Exercise data

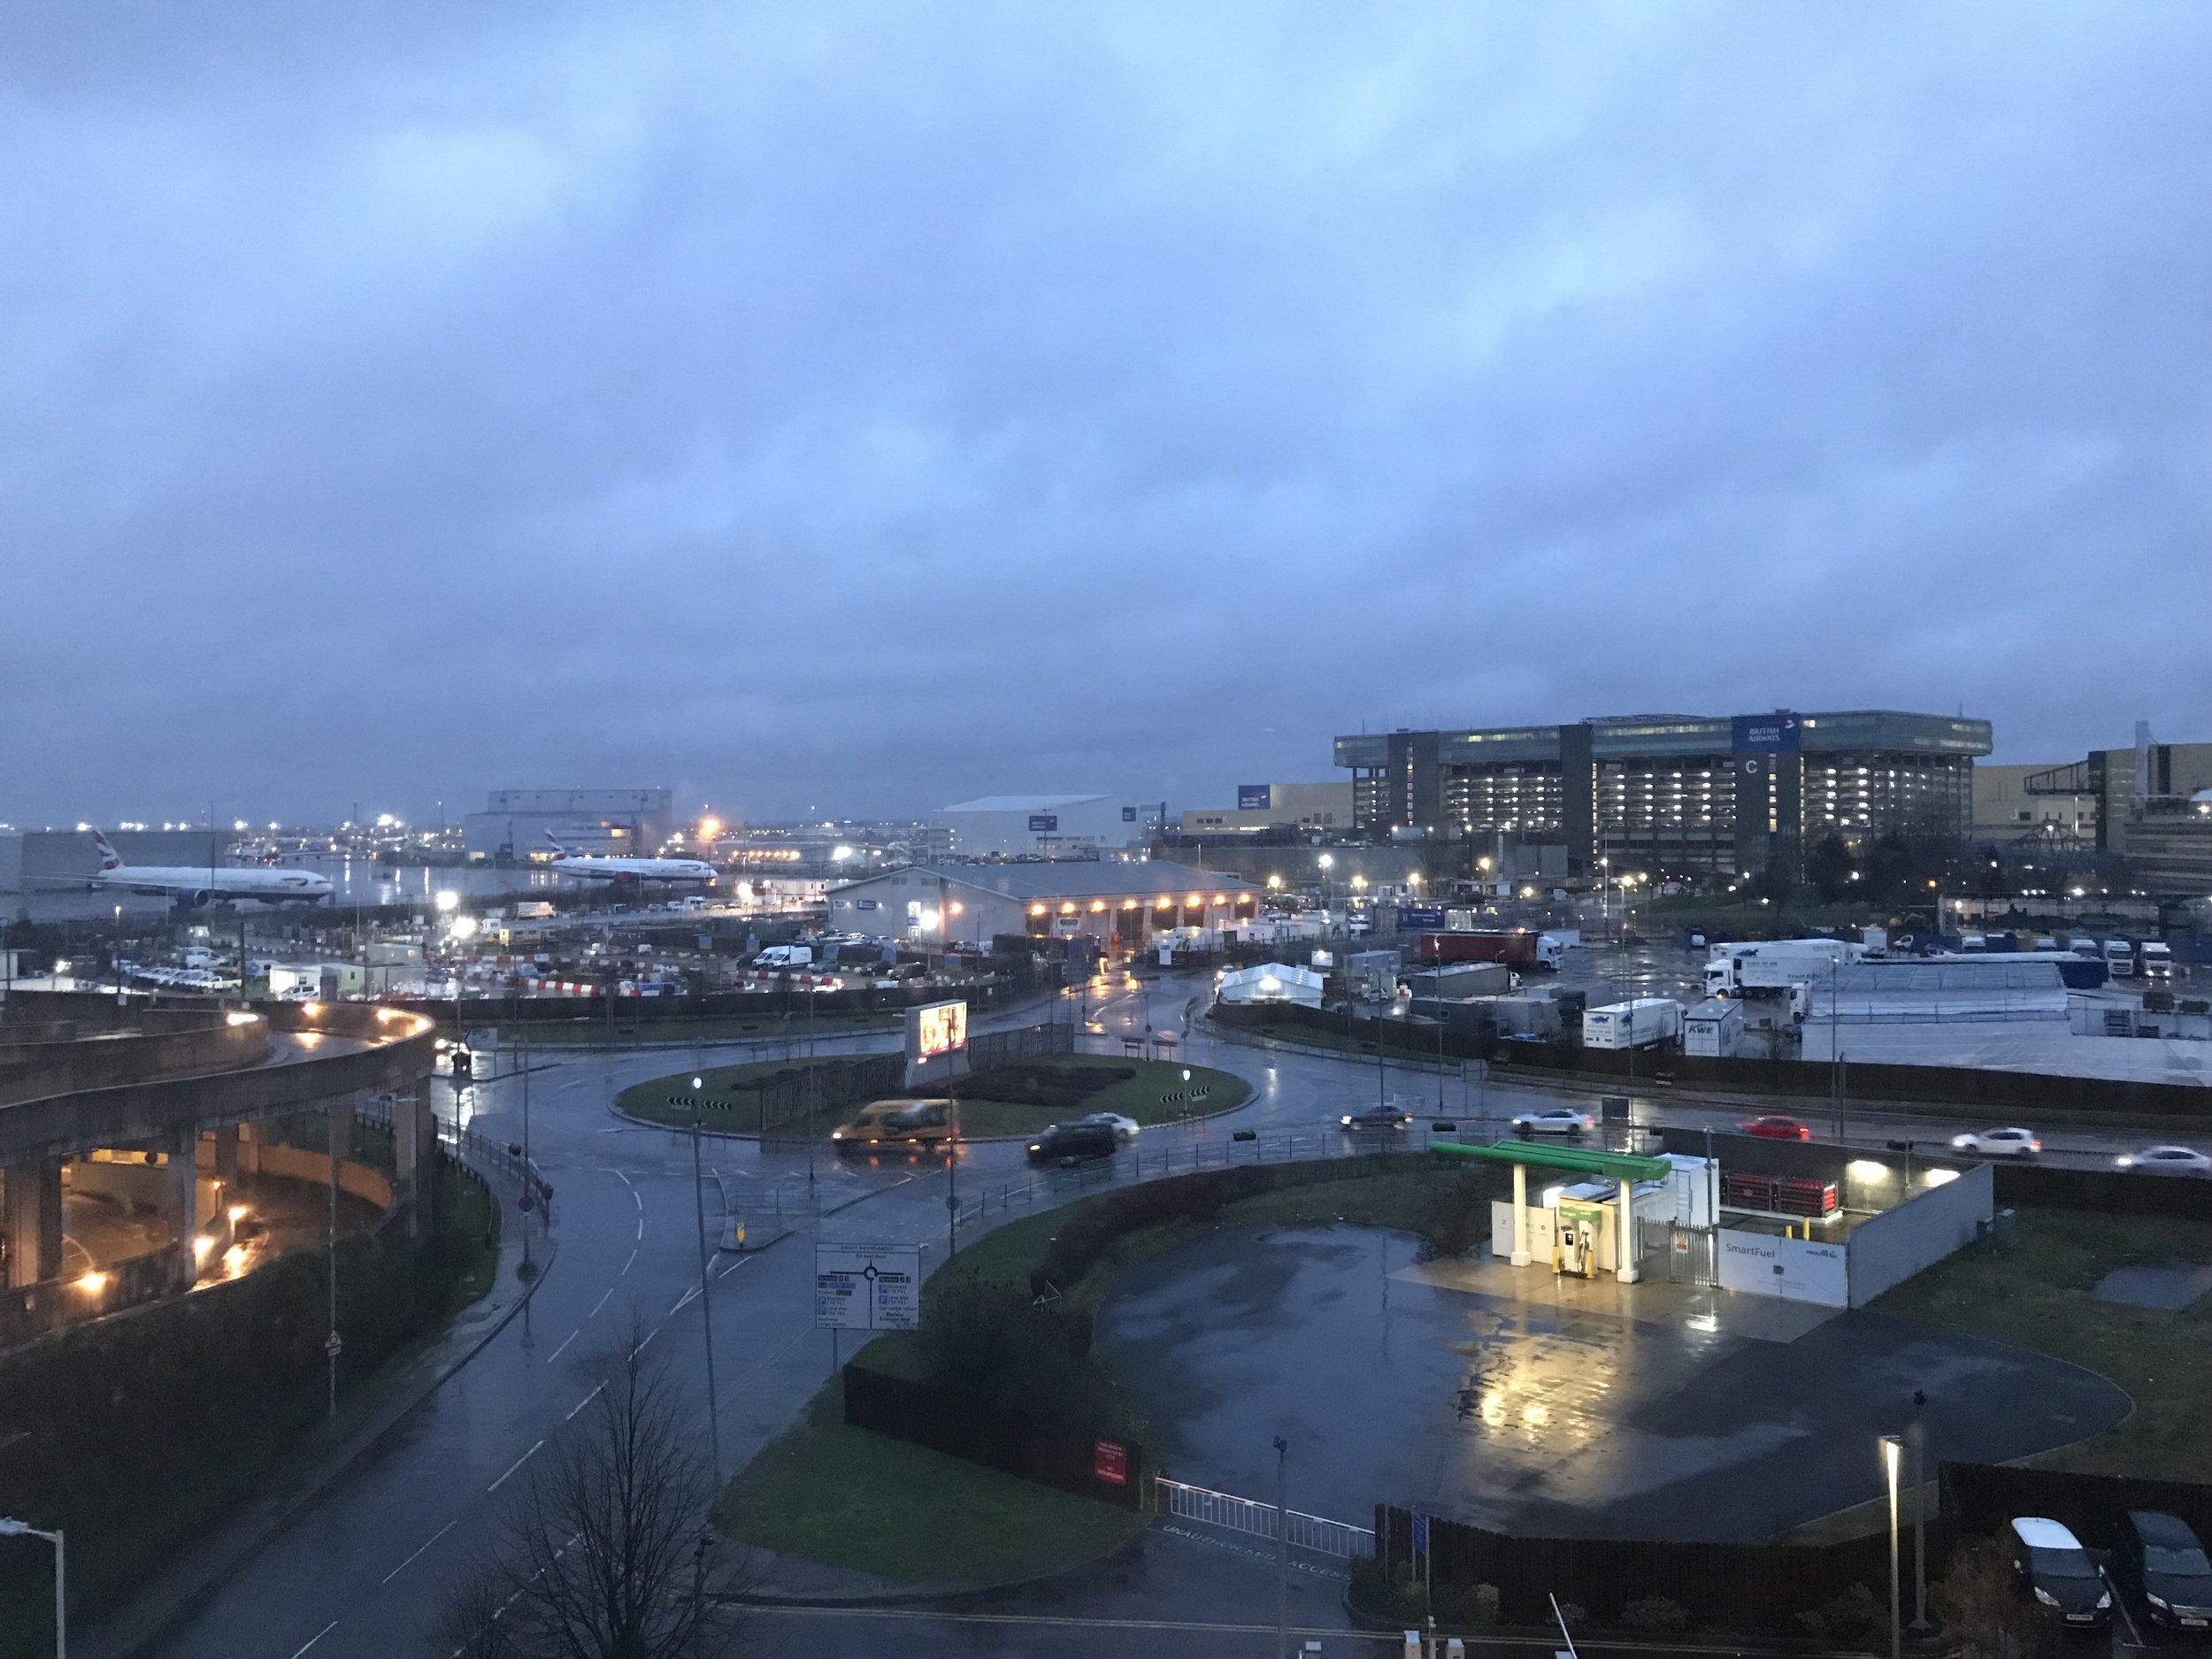 HGI London Heathrow room view
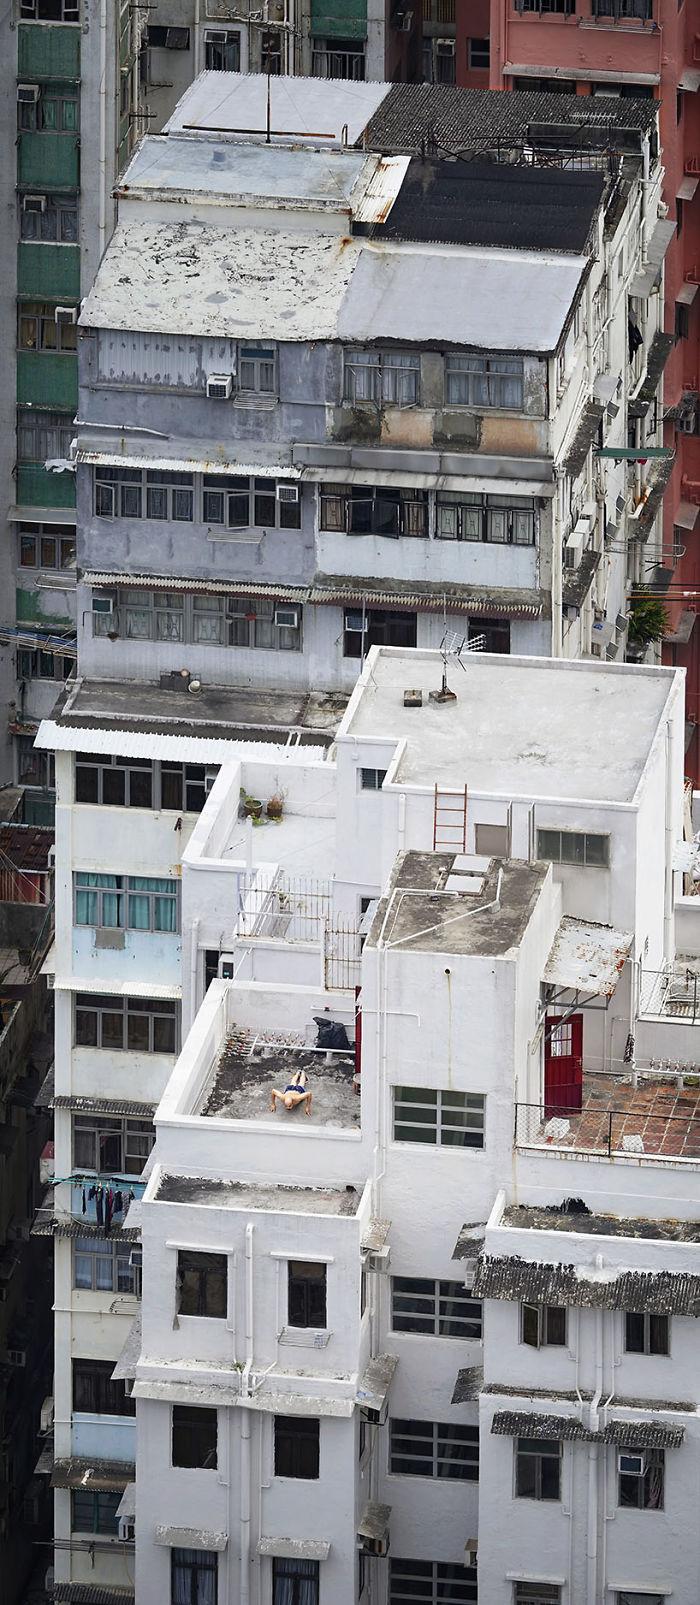 5ae2eb0b1ea30 Pushing Up 5adef90d676eb  700 - 12 coisas interessantes este fotógrafo capturado nos telhados de Hong Kong
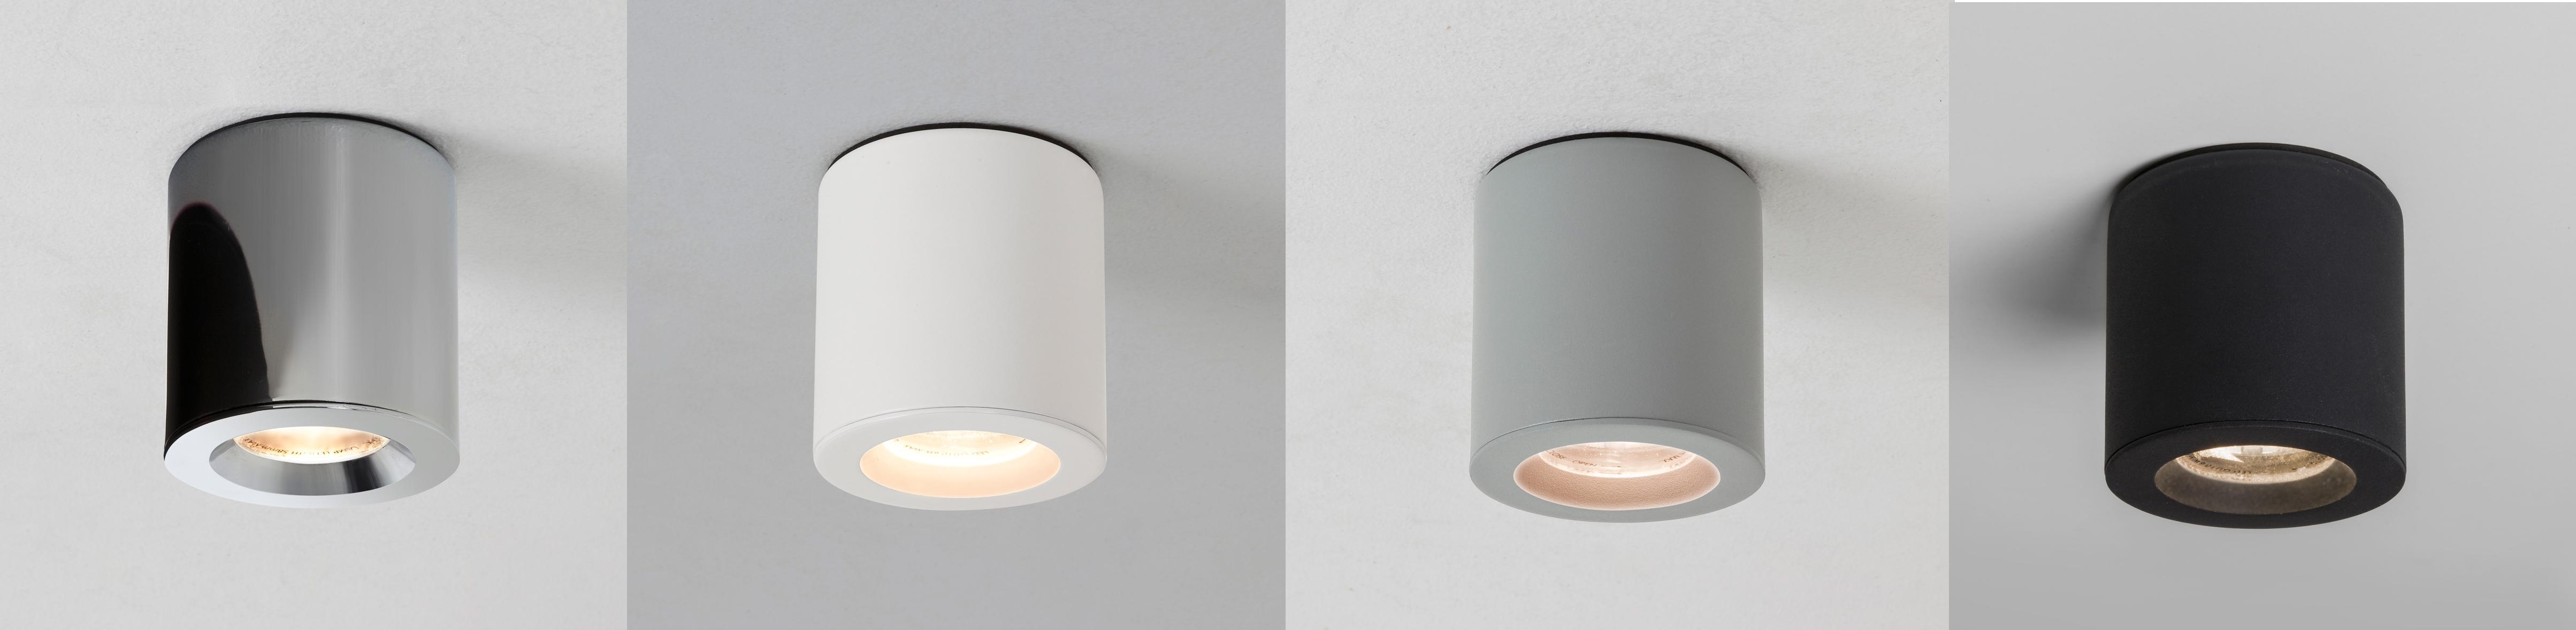 Bathroom Ceiling Light Zone 1 astro kos ip65 zone 1 surface mounted led bathroom round downlight

Problem to work on
The lines from the one holding "5ae2eb0b1ea30 Pushing Up" through the end of the material above are to be echoed exactly, both ends included. Do not include pictures.

Your response
 5ae2eb0b1ea30 Pushing Up 5adef90d676eb  700 - 12 coisas interessantes este fotógrafo capturado nos telhados de Hong Kong
 Bathroom Ceiling Light Zone 1 astro kos ip65 zone 1 surface mounted led bathroom round downlight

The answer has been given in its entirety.